So; this is what I did to prove to myself that I could. Maybe for my CV, I had fun and learned a lot doing this. Enjoy, or ignore, as you wish.
PrintEye is a minimalist information panel for Duet boards; it plugs into the DanelDue UART port, taking power from there and sending M408 S0
once a second, and otherwise waiting for a reply and updating the display based on their contents.
It consists of a ATMega328P on a simple standalone board, linked to 2x 0.96' I2C OLED displays, a LED, a Button, and two mosfet level converters for the serial connection to the 3.3v UART on the Duet board.
The Primary connector for the Board doubles as a FTDI programming port, allowing me to update and debug without yanking the CPU out of it's socket. There is no reason why the current cable could not be adapted to the spiffy new 5-pin IO connector of the Duet3 and then that port configured as a UART. Afik the D3 does not have a dedicated panelDue port,
The displays I used have hard-set identical I2C addresses, to avoid using a multiplexer I create two separate software I2C interfaces, one per display, this works surprisingly well. The U8x8 Arduino library handles all the heavy lifting on the display side.
Most of my effort went into the software, which:
- Follows printer status; can turn displays off when printer is in psu-off mode. (configurable)
- Heartbeat/Status LED; brightness configurable.
- Pause/Resume button; configurable on/off and hold-down time.
- Bed plus selected tool heater set and actual temps are reported; as are 'off' and 'fail' states.
- Screen brightness, timeouts, etc are all configurable.

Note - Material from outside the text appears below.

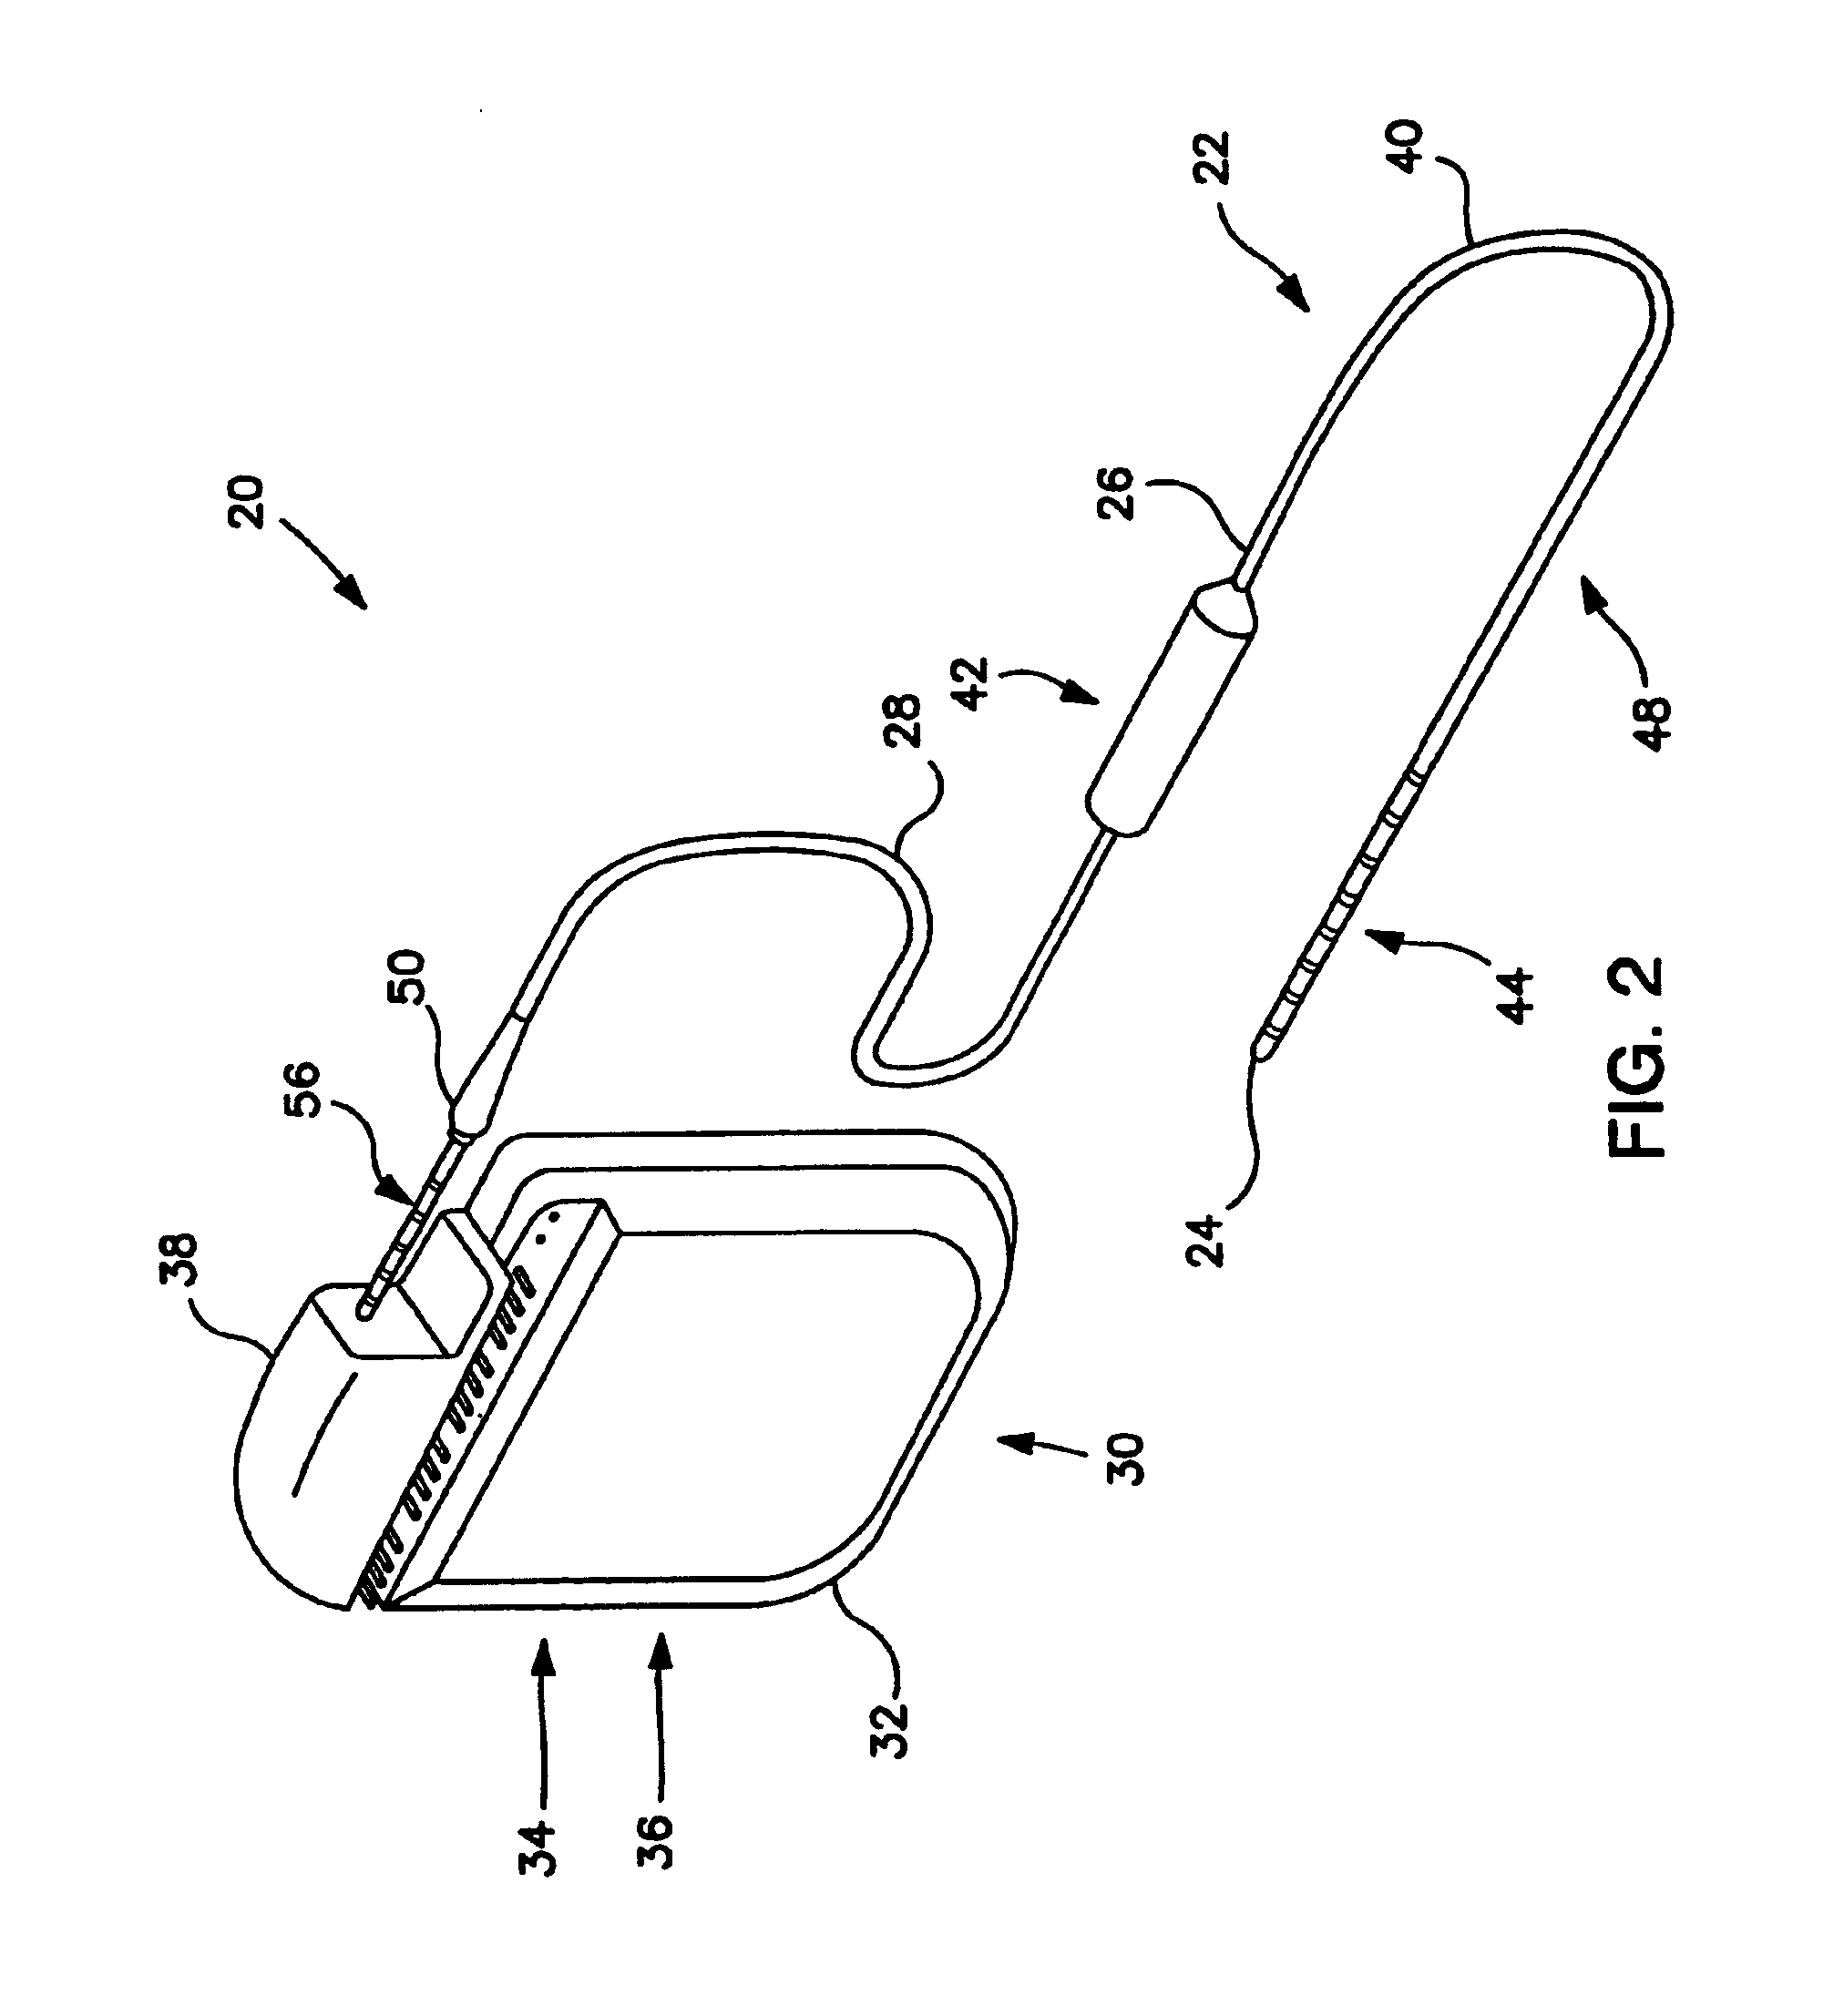 Low impedance implantable extension for a neurological electrical stimulator

Processing the M408 response Json proved a challenge with minimal memory; I ended up using the Jsmn library. Once I had this running I realised I could leverage this to provide config control too.
The Project exists as two repos on GitHub: Software and Hardware. Both have TL;DR readme's. The Hardware repo has the full KiCad project, and Gerber files.
I have also written this up as a formal project on Hackaday, with archives, gallery and a better summary but lacking very detailed instructions, I assume you know which end of a soldering iron to pick up etc..
My plan for the V2 of this drops the displays in flavor of a LED dot-matrix (16x2) and four servos plus these; for a mad plan to put a delta printer into a 70's era Tardis console. Possibly.